When a prospect asks for an unlimited software licence deal, price isn’t the only response. Recognize there are many dimensions to a deal so look for ways to pull out value and costs to make sure the money you receive is in line with the value your software delivers.

Prospects wanting unlimited software licence use shouldn’t be given a perpetual licence. Unlimited perpetual licence deals limit a vendor’s upside to add-ons. Instead of a perpetual licence, consider using a limited-term licence, a.k.a. subscription licence. If you are going to get “hosed” make sure you know how long that situation will continue. Even all-you-can-eat buffet restaurants aren’t open 7/24, 365 days a year.

Don’t rely on maintenance and support fees (M&S) associated with the unlimited perpetual licence either. Make sure M&S is priced correctly based on the level of support and the maintenance hassles you might encounter. The typical “X-percent-of-licence-fee” may not even cover your costs.

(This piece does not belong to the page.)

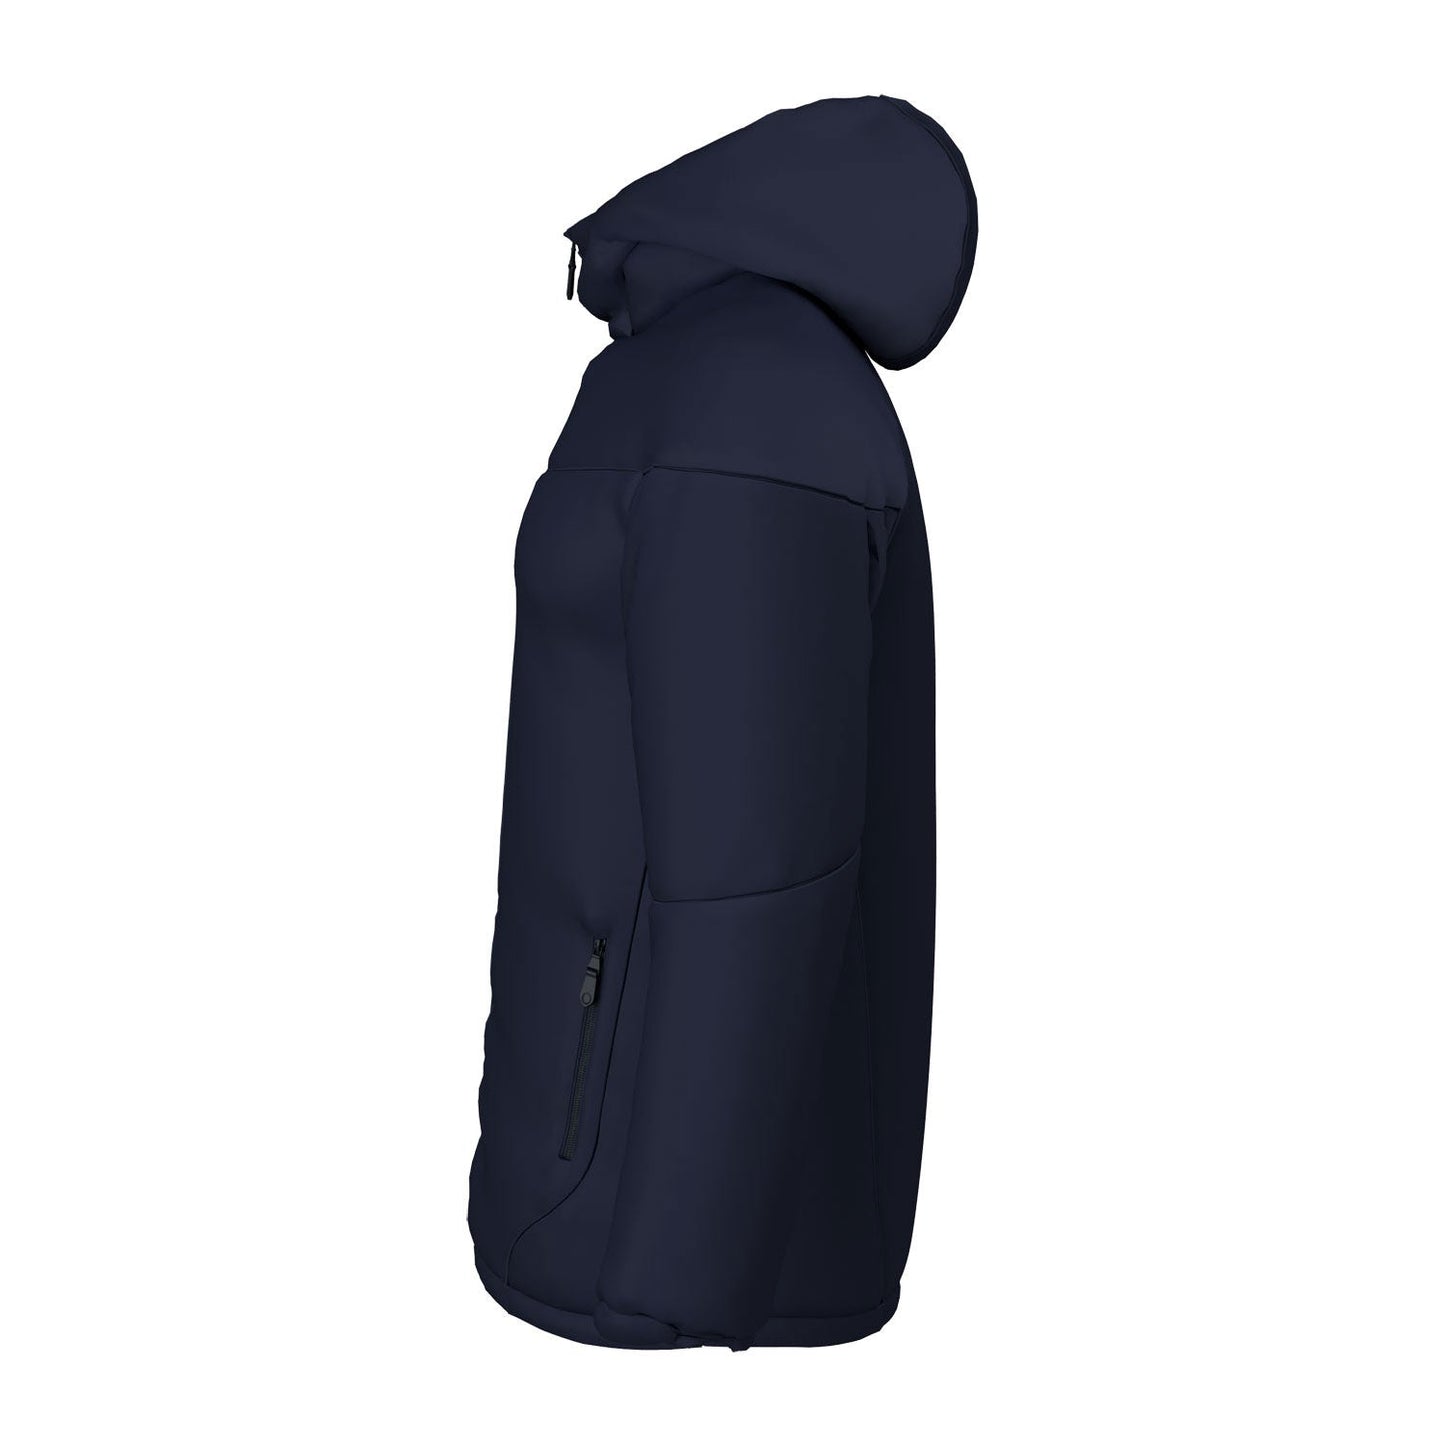 Rowing at Itchenor Contoured Thermal Jacket

If you get squeezed in M&S, consider reconfiguring your traditional maintenance and support offering. Can you offer second level support? What about per-incident pricing with a guaranteed minimum? As for upgrades and product updates, forget about them – updates maybe – but upgrades are out.

Another way to deal with all-you-can-eat unlimited software licences is to extend the range of volume discounts.

Suppose a multinational company wants to use your products in multiple subsidiaries and multiple locations within each subsidiary. To make sure you are being paid fairly, develop a discount structure that will encourage customers to pay fairly.

Start with a volume discount schedule that maxes out at a reasonable (large) number of users. Offer a site licence price that is beyond the maximum number of users. In addition to the site licence price, offer multiple-site licence prices that are also suitably discounted. Then provide an enterprise-wide licence price that is beyond the multiple-site licence discount schedule and is an amount you would accept.

Even if the customer is unwilling to pay what you ask, you have provided a framework for establishing a price you think is fair while offering the customer less costly options.

But frankly, we’ve found no one is really empowered to do an enterprise-wide deal especially in a huge multinational company. Sometimes the enterprise-wide deal is a way to avoid licence administration. If that is the case, either make the administrative tasks easy or do the work for the customer if you can. In general, though, a request for an unlimited deal is really just part of the negotiating dance and the more you have heard the music the better you can dance.

Regardless of how you configure the unlimited deal, make sure you are gathering information about software licence usage even if the customer is paying a flat fee. It is essential to gather usage data so you know what an unlimited deal really means and what it is costing you so you use this experience to price other deals appropriately and, possibly, avoid unlimited deals altogether.

We’ve described a few ways to deal with “all-you-can-eat” software licensing deals. How do you respond to your customers or prospects who want them?